Output stage and input pattern interface - Operational Principle and Architecture

CHAPTER 2.............................................................................................................................. 7

2.1 Operational Principle and Architecture

2.2.4 Output stage and input pattern interface

The output stage is shown as Fig. 2.20. The nodes x₁₁~x₉₉ are the node x_ij in Fig. 2.4.

M11~M99 perform as level shifter to drive parasitical capacitance of the switches and metal line. The unit gain buffer is a negative feedback OP and it is used to drive the output pad. The circuit of unit gain buffer is shown as Fig. 2.22. Two 4-bit decoders are used to control those switches Sw_c11~Sw_c99 and Sw_r1~Sw_r9. One decoder controls column switches Sw_c11~Sw_c19 (Swc21~Swc29, Swc31~Swc39, …etc.), and the other controls switches Swr1~Swr9. This structure is used to read out every pixel one by one.

There are some current source can be shared in the output stage shown in Fig. 2.20. The modified output stage is shown as Fig. 2.21. In Fig. 2.21 every MOS in the same row uses one current source. This modified output stage saves much power consumption.

Fig. 2.20 The output stage

Fig. 2.21 The modified output stage

In order to input any arbitrary learning patterns, the shift registers input interface is used.

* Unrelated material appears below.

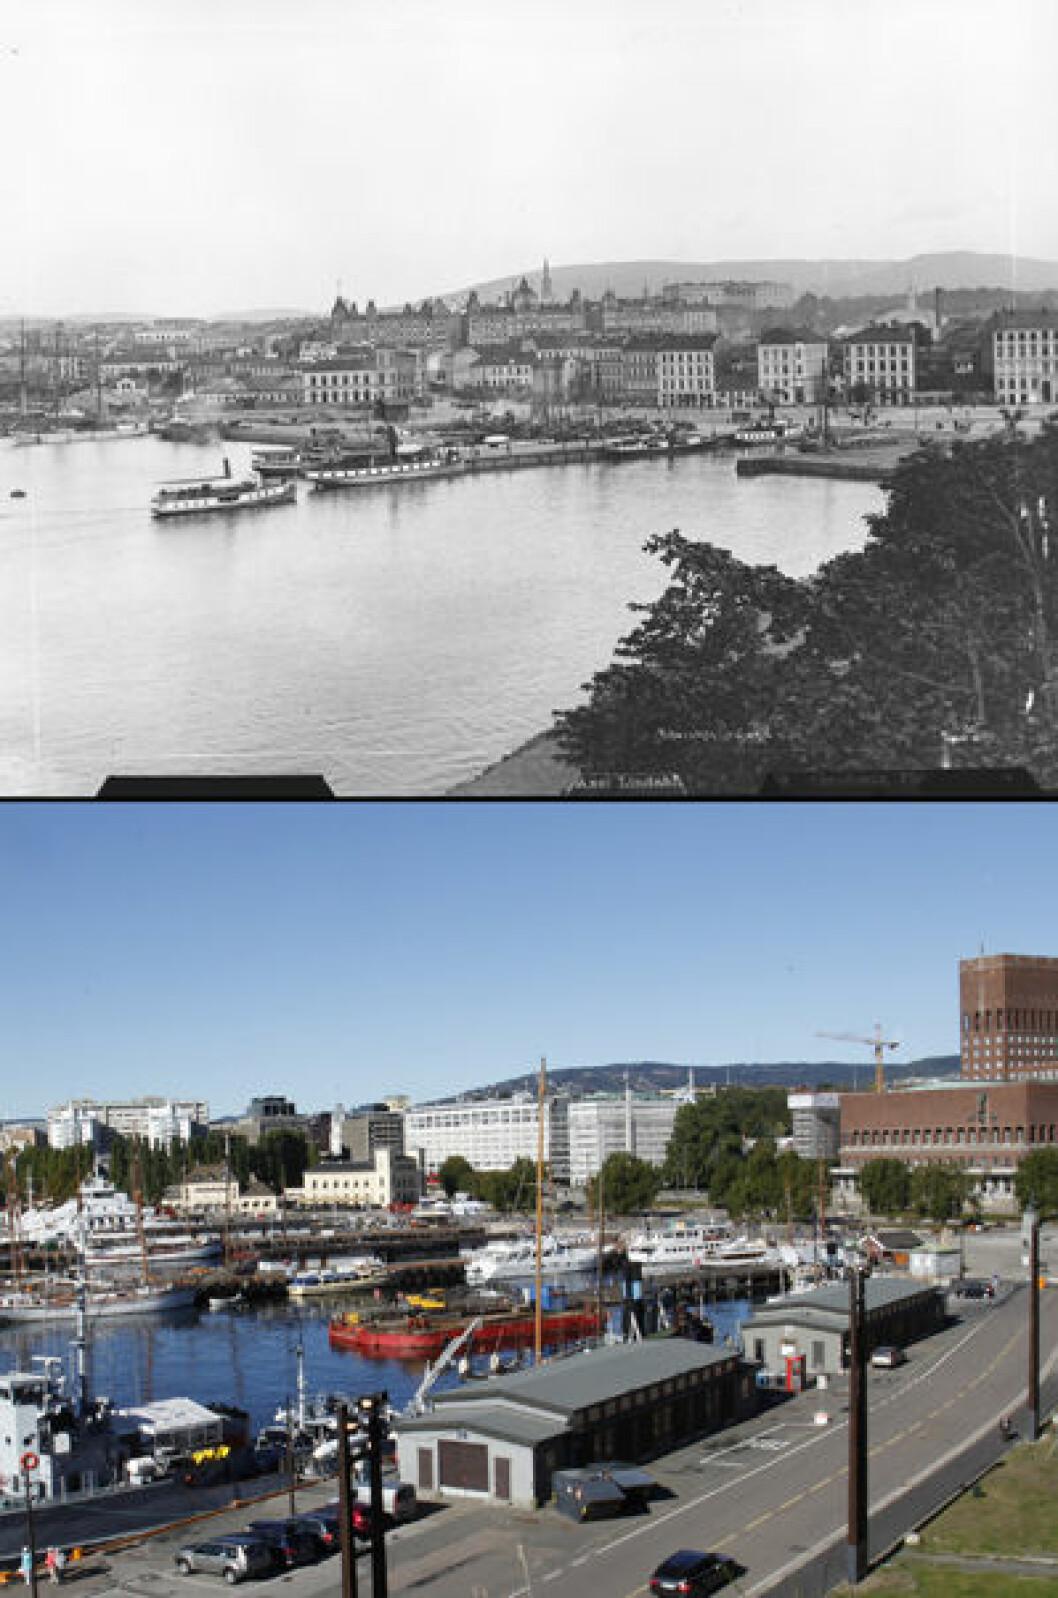 Ca. 1888 og 2013: Pipervika og Rådhuskaia i Oslo. Foto: Axel Lindahl/Oscar Puschmann

Fig. 2.23 shows the input interface. DFF_N is negative edge trigger D type flip-flop. In the beginning of learning period, clk1 and newp turn on and ptni inputs the learning pattern pixel by pixel. After the CLK of DFF_N oscillates nine times (because the cell array has 9 columns), pin turns on to input the learning pattern into each cell. When pin turns on, newp turns off to prevent the pattern changes as a glitch occurs on CLK of DFF_N. After the first pattern is learned, clk1 and newp turn on again and pin turns off. Then shift registers transfer the stored learning pattern and the learning of the second pattern starts.

Fig. 2.24 is one part of Fig. 2.23 and it shows how to mix the noise with learning pattern in recognition period. The capacitance C_gp is the gate capacitance of M1 in Fig. 2.7 and other parasitical capacitance. In learning period, the capacitance Cnoi is pre-charge to Vnoi and noi always turns off. When recognition period starts, the innocent pattern is already stored in shift

register and clk1 turns off to isolate D-flip-flop. Then noi turns on and charge sharing occurs between C_gp and C_noi. So the voltage on node Nd is a mid level voltage and the amplitude can be adjusted by changing the capacitance ratio of Cgp and Cnoi.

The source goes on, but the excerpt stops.